Route information
- Maintained by the Ministry of Transportation of Ontario
- Length: 52.8 km (32.8 mi)
- History: Established July 1, 1967 Extended April 30, 1969

Major junctions
- South end: Highway 101
- North end: CPR crossing in Missanabie

Location
- Country: Canada
- Province: Ontario
- Districts: Algoma

Highway system
- Ontario provincial highways; Current; Former; 400-series;
| ← Highway 650 |  | → Highway 652 |

= Ontario Highway 651 =

Ontario provincial highway

Secondary Highway 651, commonly referred to as Highway 651, is a provincially maintained highway in the Canadian province of Ontario. The highway is 52.8 km in length, connecting Highway 101 east of Wawa with the remote community of Missanabie.
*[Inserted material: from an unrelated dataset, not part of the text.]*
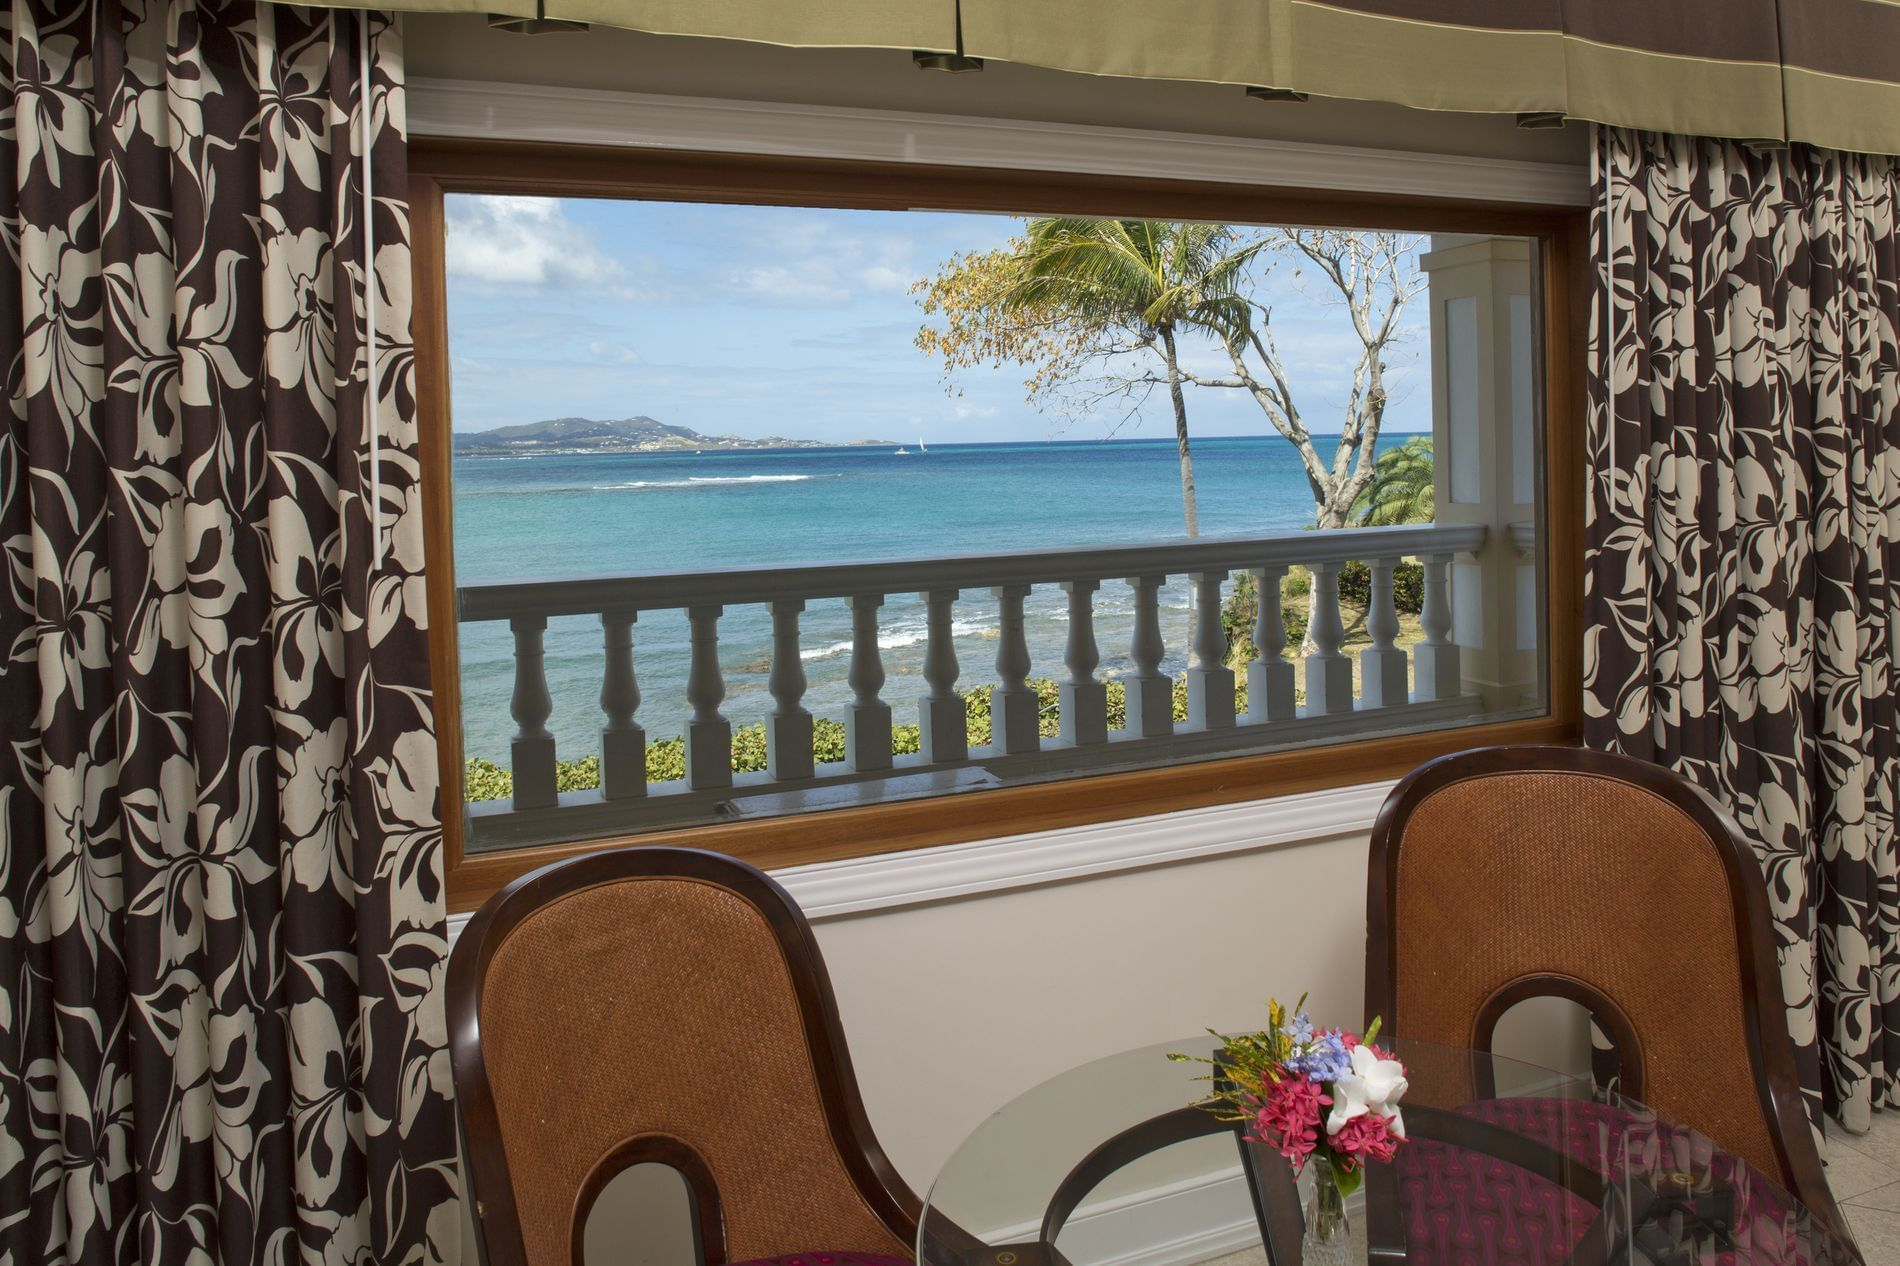 Luxury Beachside Doubloon Window showing Ocean View

Highway 651 was established on the Centennial anniversary of Confederation, but did not connect to any other roads originally; access to the route was provided from Missanabie. It was extended south to connect with Highway 101 in 1969.

== Route description ==
Highway 651 is a 52.8 km route which connects the community of Missanabie with Highway 101, also providing access to the western side of the Chapleau Crown Game Preserve. The southern terminus of the route is a junction with Highway 101, midway between Wawa and Chapleau. From there it proceeds north through an isolated region of northern Ontario, passing through the thick forests of the Canadian Shield. At the midpoint of the route, a short road branches off to the east, connecting with Dalton, a siding on the Canadian Pacific Railway's transcontinental line. North of Dalton, the railway — which acts as the southwestern boundary of the preserve — and highway travel parallel to one another. The route ends immediately east of Missinabie.

== History ==
Highway 651 was assumed by the Department of Highways (DHO) on the day of Canada's Centennial, July 1, 1967. At that point in time, Highway 101 had not yet been completed between Wawa and Chapleau, and so the route was connected to the rest of the province solely by rail. The isolated highway provided access between the community of Missanabie and the flag stop at Dalton, to the south. It was approximately half of the current length of the route.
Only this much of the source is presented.